Мысль о Прекрасной Даме в Вовкиной квартире представляется Дмитрию Николаевичу настолько изящной, что он сразу начинает в нее верить. Может, кто и не знает Вовку Спиридонова, а он знает. Это очень возможно. Это возможно скорее, чем Раскольников с топором. Прекрасная Дама за дверью чувствует себя на крючке, потому что сейчас приедет милиция.
Пожалуйста, пусть уходит, кто ей не дает?
Ты ей не даешь.
Такие мысли посещают Дмитрия Николаевича в последние минуты до приезда опергруппы. Тот, кто за дверью, наверно, тоже чувствует приближение милиции. Кем бы он ни был – Прекрасной Дамой или Квартирным Грабителем, – ему пора удирать.
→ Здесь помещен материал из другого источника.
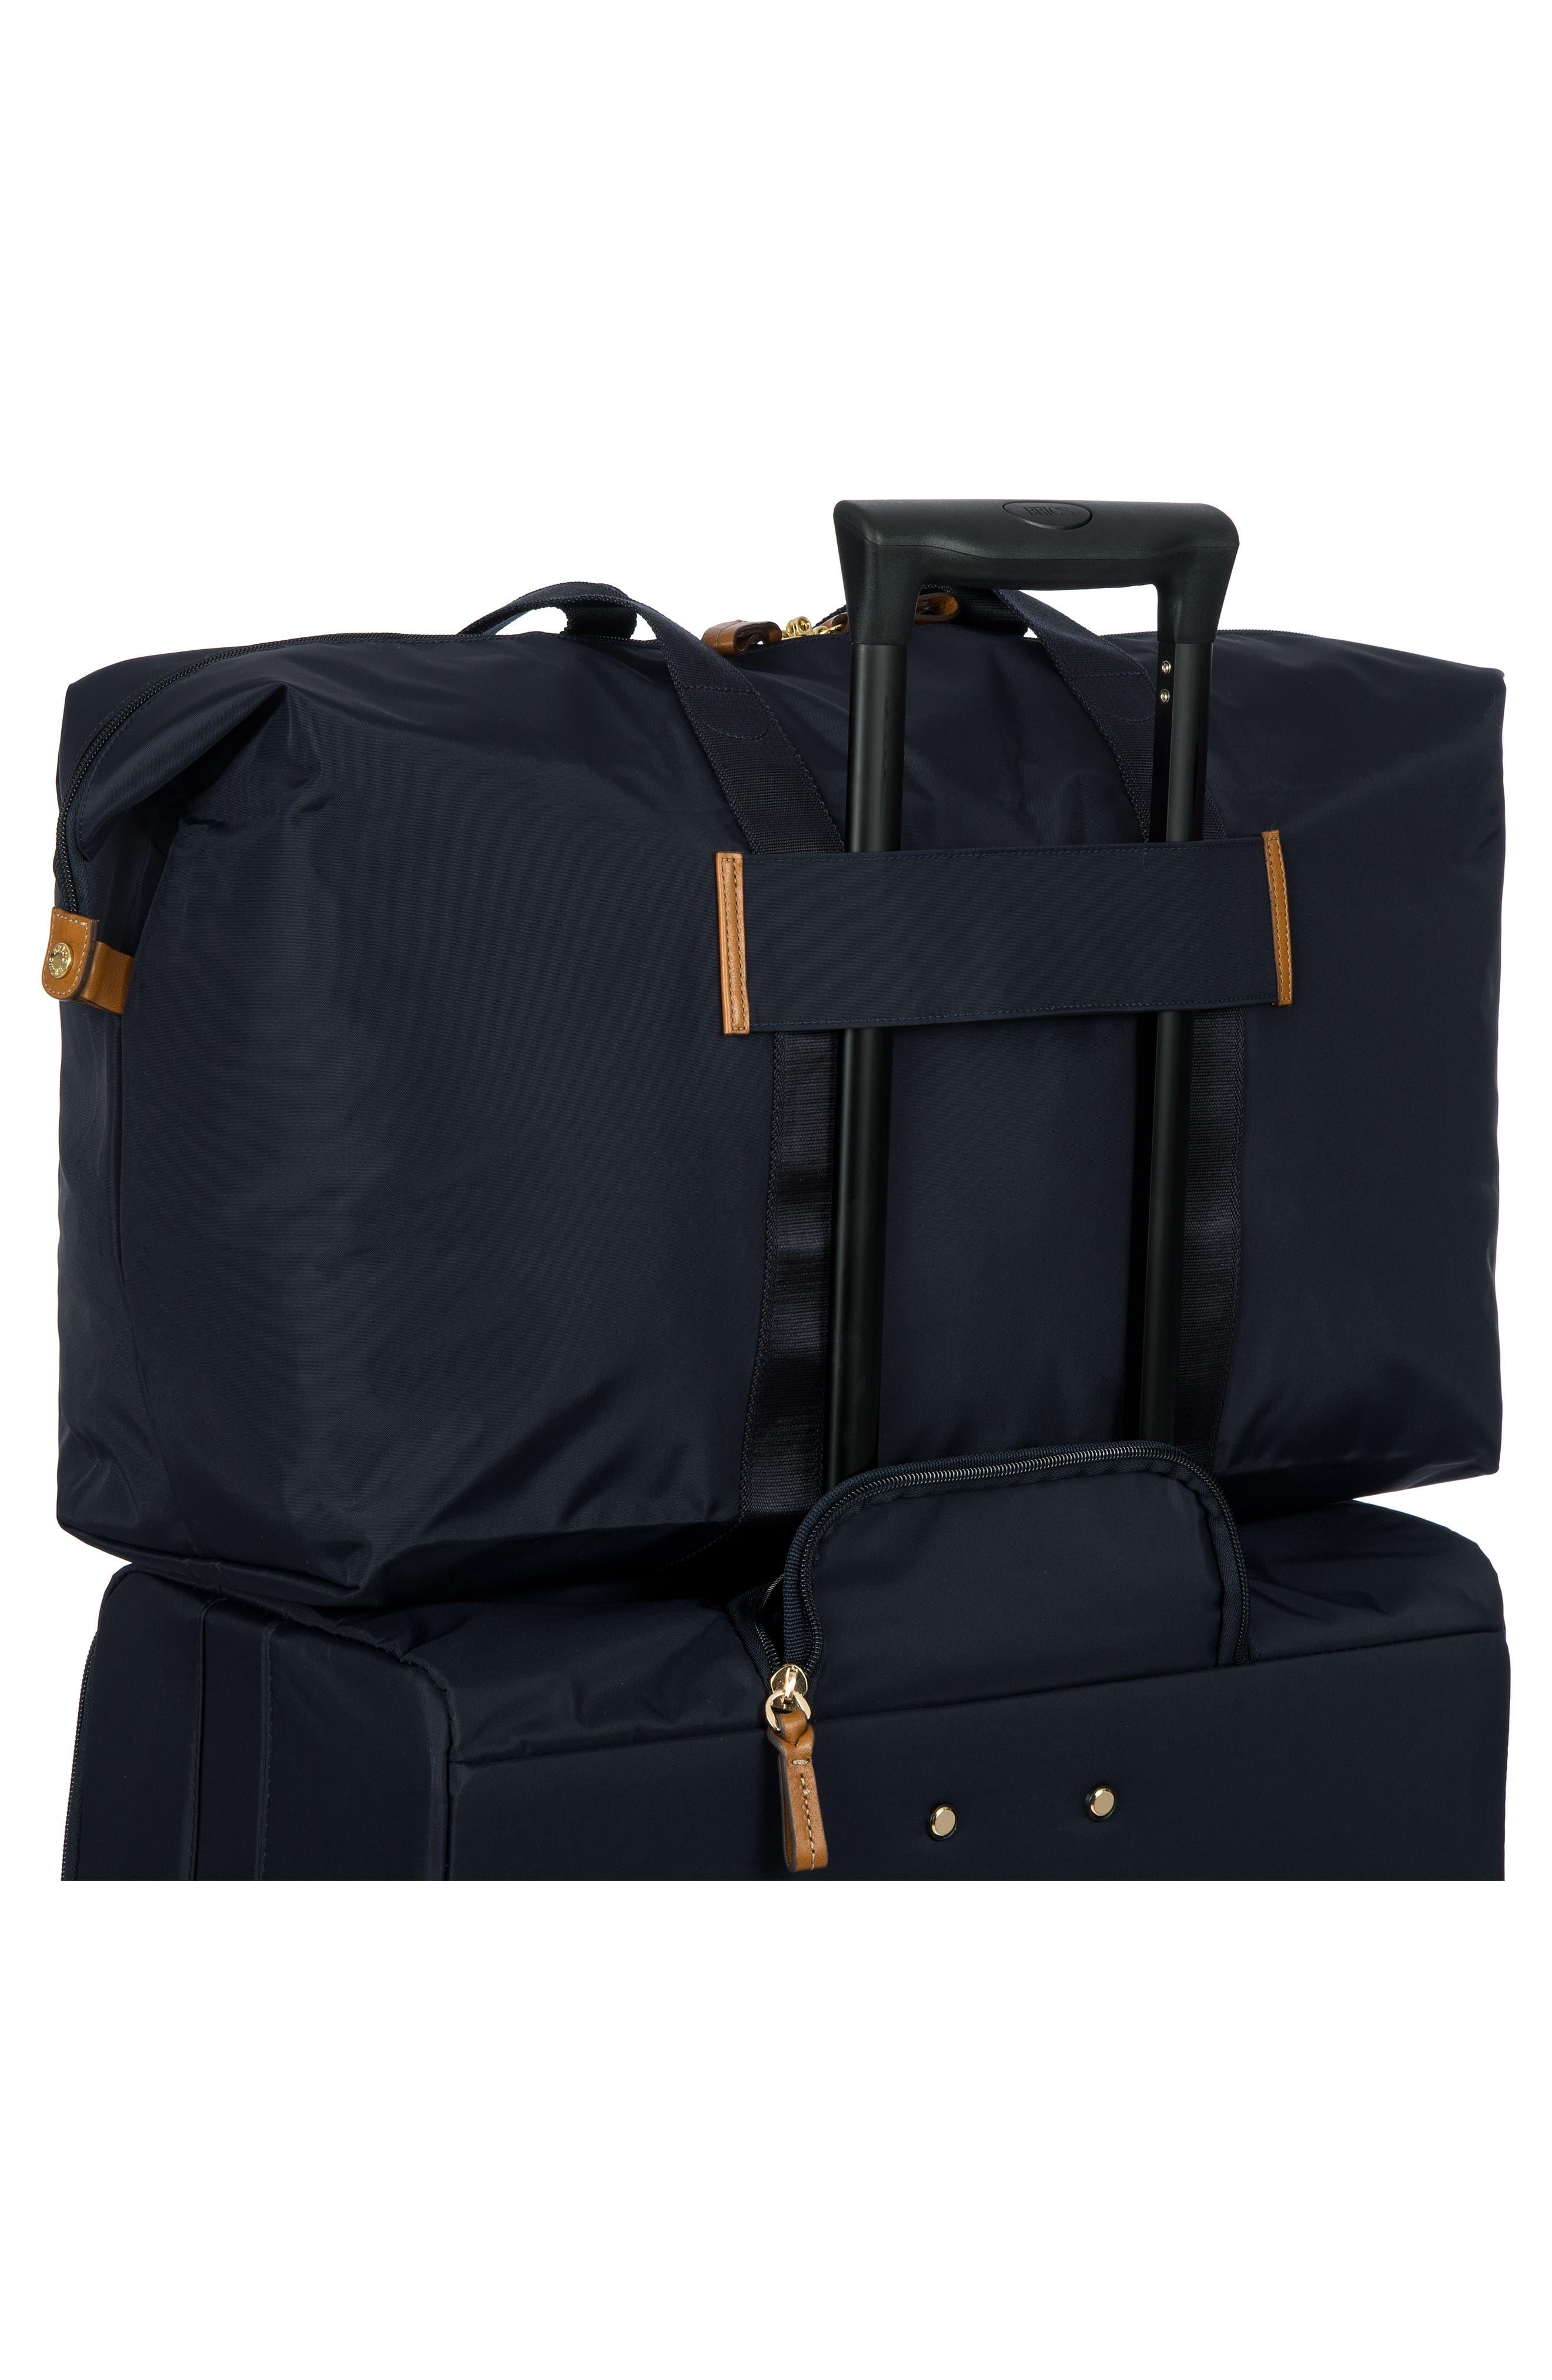 X-Bag 22-Inch Folding Duffel Bag,                             Alternate thumbnail 2, color,                             NAVY
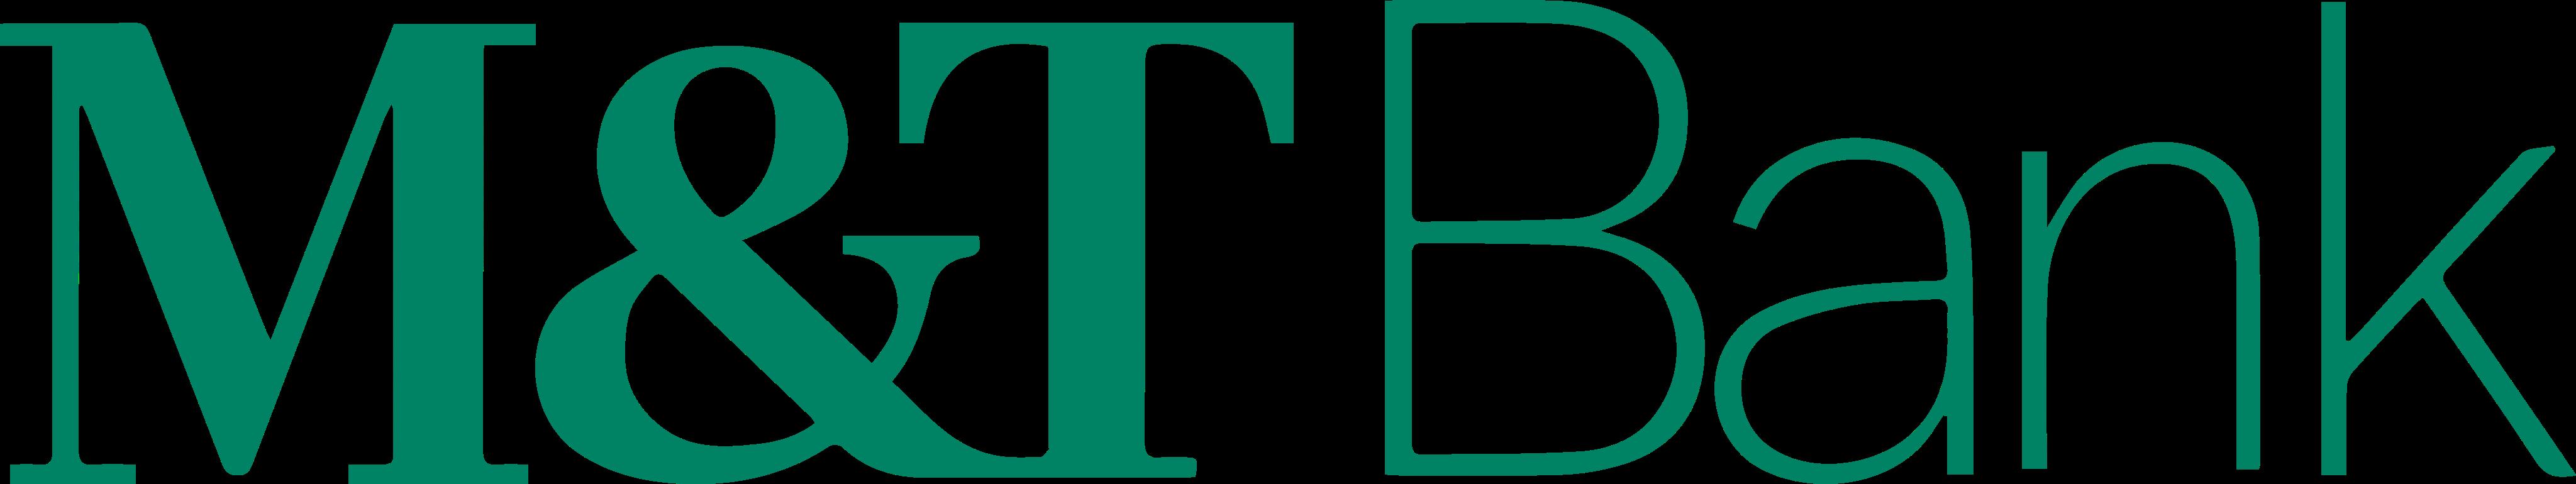 mt bank logo - M&T Bank Logo

Замок поворачивается до отказа, и дверь осторожно начинает приоткрываться. Дмитрий Николаевич замирает, готовый на любое откровение. Вот уже в щели за дверью в Вовкином коридоре что-то мелькает, но внизу раздается топот многочисленных ног, дверь испуганно захлопывается, и перед Дмитрием Николаевичем на лестничной площадке вырастают трое озабоченных широкоплечих ребят в штатском.
– В чем дело? Почему лифт не работает? – запыхавшись, спрашивает один из них.
– А он у нас только вечером, – объясняет Чухонцев.
– Хорошо, с лифтом выяснили, – нетерпеливо вмешивается второй. – А кто милицию вызывал?
– Там кто-то есть, – Чухонцев указывает на дверь.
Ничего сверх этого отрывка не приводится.